But no one cares if you let down the fake responsibility...


----------



## Crothian (Feb 15, 2005)

Cyberzombie said:
			
		

> Way back on the Noahboard, I spent time as the top poster.  I was often also the top poster at Nutkinland.  I think I know what Crothian means.  When you're the top poster, you feel a strange responsibility to the board.  Very strange, since you have no *real* responsibility.  It's a weird thing...




and it increases over time as the responsibilities actually do start to happen


----------



## DragonSword (Feb 15, 2005)

I'm sorry but that takes the biscuit.


----------



## DragonSword (Feb 15, 2005)

An entire page of one liners?


----------



## DragonSword (Feb 15, 2005)

It's not on!


----------



## Jdvn1 (Feb 15, 2005)

Well, we try.


----------



## DragonSword (Feb 15, 2005)

That Crothian's too big for his boots...


----------



## DragonSword (Feb 15, 2005)

Huh! Responsibilities my arse...


----------



## Cyberzombie (Feb 15, 2005)

Jdvn1 said:
			
		

> But no one cares if you let down the fake responsibility...



 Oh yes they do!  That's the even weirder part...  

I don't think you can understand it unless you experience it.  Which isn't likely to happen on this board.


----------



## DragonSword (Feb 15, 2005)

Responsible for hijacking threads...


----------



## DragonSword (Feb 15, 2005)

...causing general mayhem...


----------



## DragonSword (Feb 15, 2005)

...and being generally annoying.


----------



## DragonSword (Feb 15, 2005)

Not to mention posting an entire thread of one liners!


----------



## Jdvn1 (Feb 15, 2005)

Cyberzombie said:
			
		

> Oh yes they do!  That's the even weirder part...
> 
> I don't think you can understand it unless you experience it.  Which isn't likely to happen on this board.



Maybe I'm weird in that I wouldn't care.  I mean, it's neat that the uber-poster posts uberly, but if he was busy and could no longer keep up the uberosity, I don't see that as a big deal.


----------



## DragonSword (Feb 15, 2005)

Did I already mention that?

Phew, 200 posts, I was running out of bad things to say about Crothian! 

Crothian - sorry, just wanted 200 soo bad. I'm sure you don't mind me having a go.


----------



## Cyberzombie (Feb 15, 2005)

DragonSword said:
			
		

> Not to mention posting an entire thread of one liners!
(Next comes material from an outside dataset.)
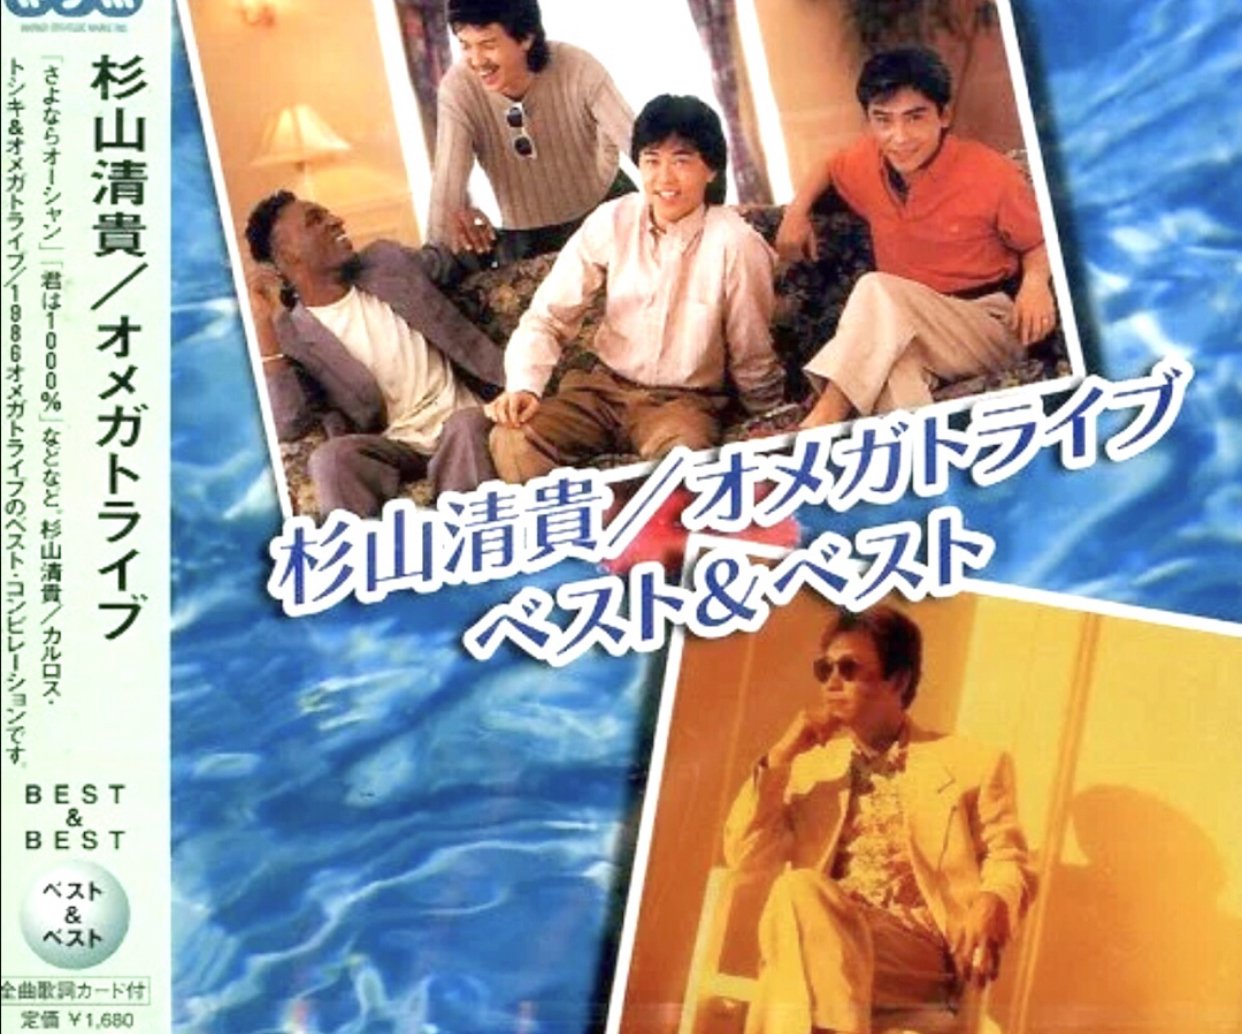 トシキ & トライブ カルロス オメガ 1986オメガトライブ｜35周年記念アルバム『1986 OMEGA
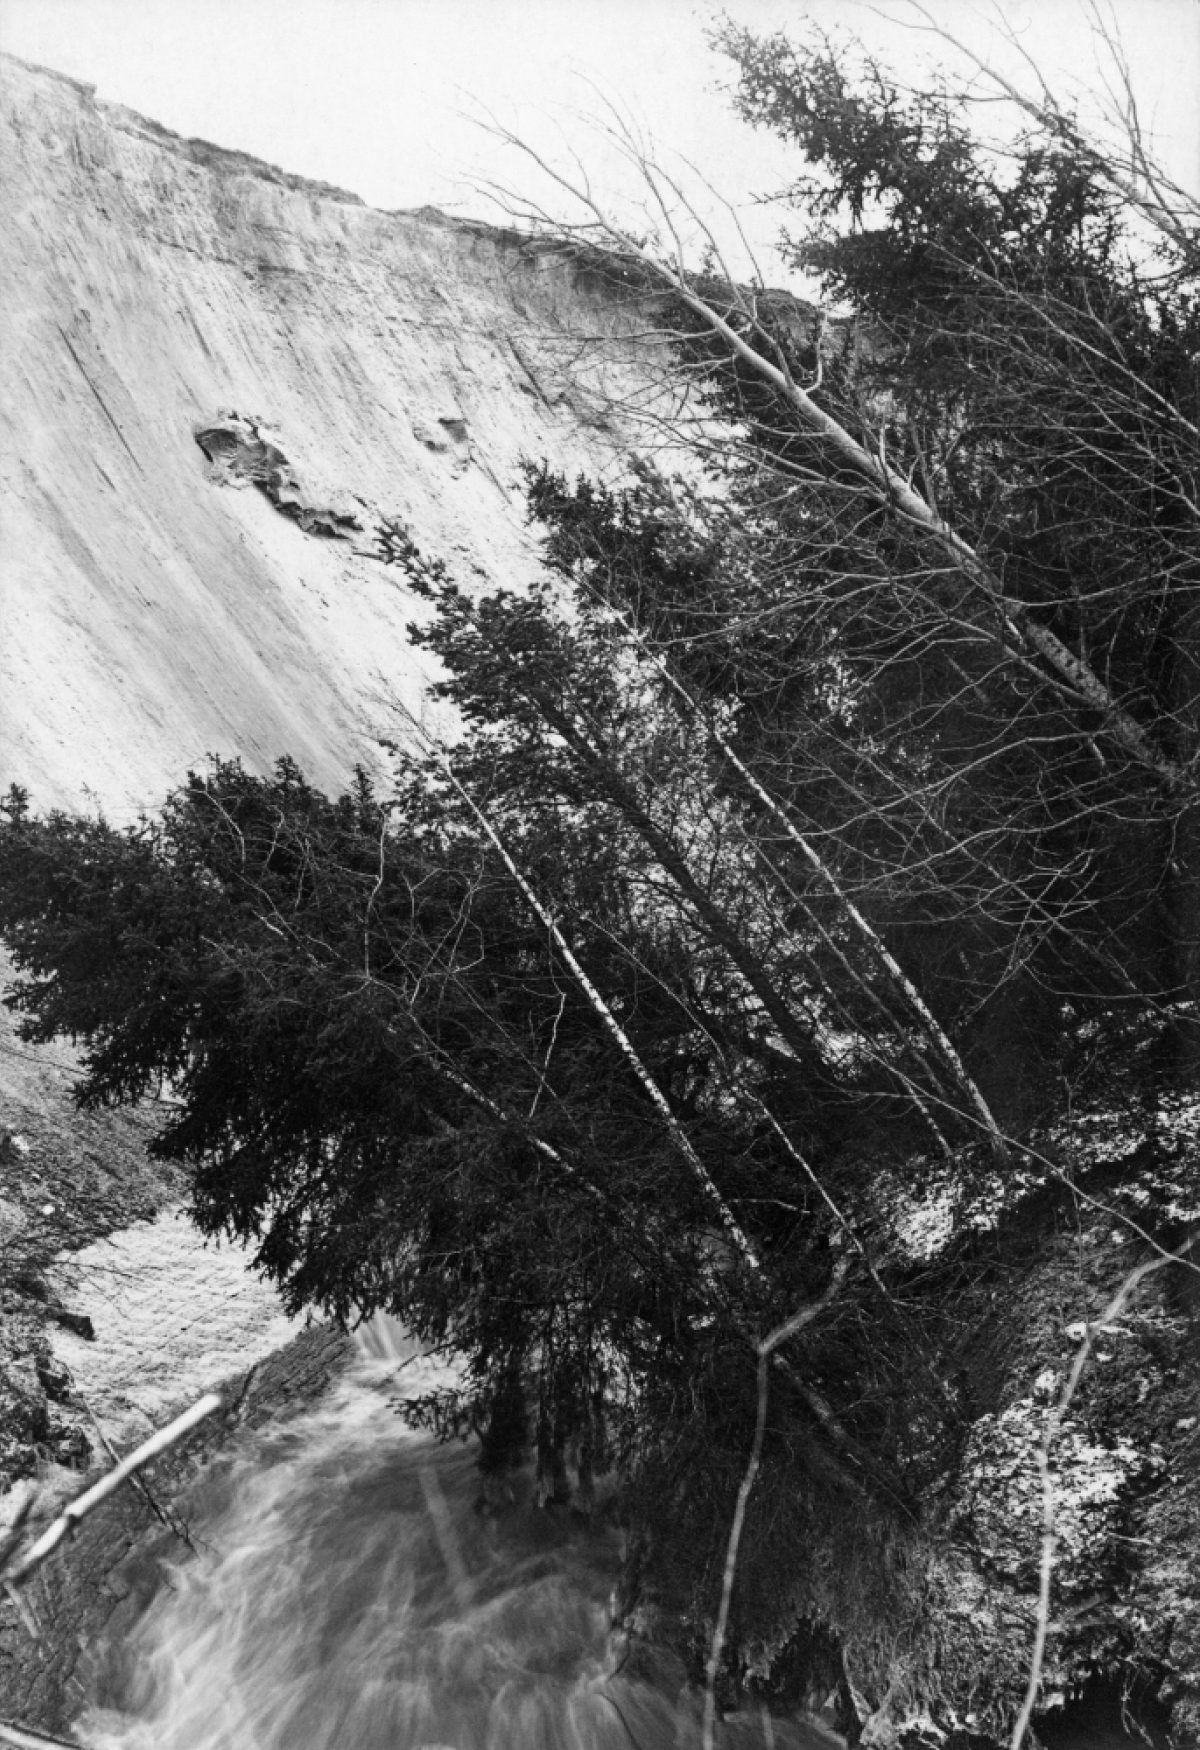 Jordskredet i Kurikka förevigades i Suomen Kuvalehti 1930. Foto: Aarne Jonasson / Otava / Journalistiska bildarkivet JOKA / Museiverket

 You know, there are more entertaining ways to up your postcount.


----------



## Jdvn1 (Feb 15, 2005)

Cyberzombie said:
			
		

> You know, there are more entertaining ways to up your postcount.



And if he doesn't have the bunnies with hats?


----------



## Cyberzombie (Feb 15, 2005)

Jdvn1 said:
			
		

> Maybe I'm weird in that I wouldn't care.  I mean, it's neat that the uber-poster posts uberly, but if he was busy and could no longer keep up the uberosity, I don't see that as a big deal.



 I know it doesn't make any sense.  But you feel bad when you aren't keeping up on your posting, no matter how silly it is...


----------



## Jdvn1 (Feb 15, 2005)

Cyberzombie said:
			
		

> I know it doesn't make any sense.  But you feel bad when you aren't keeping up on your posting, no matter how silly it is...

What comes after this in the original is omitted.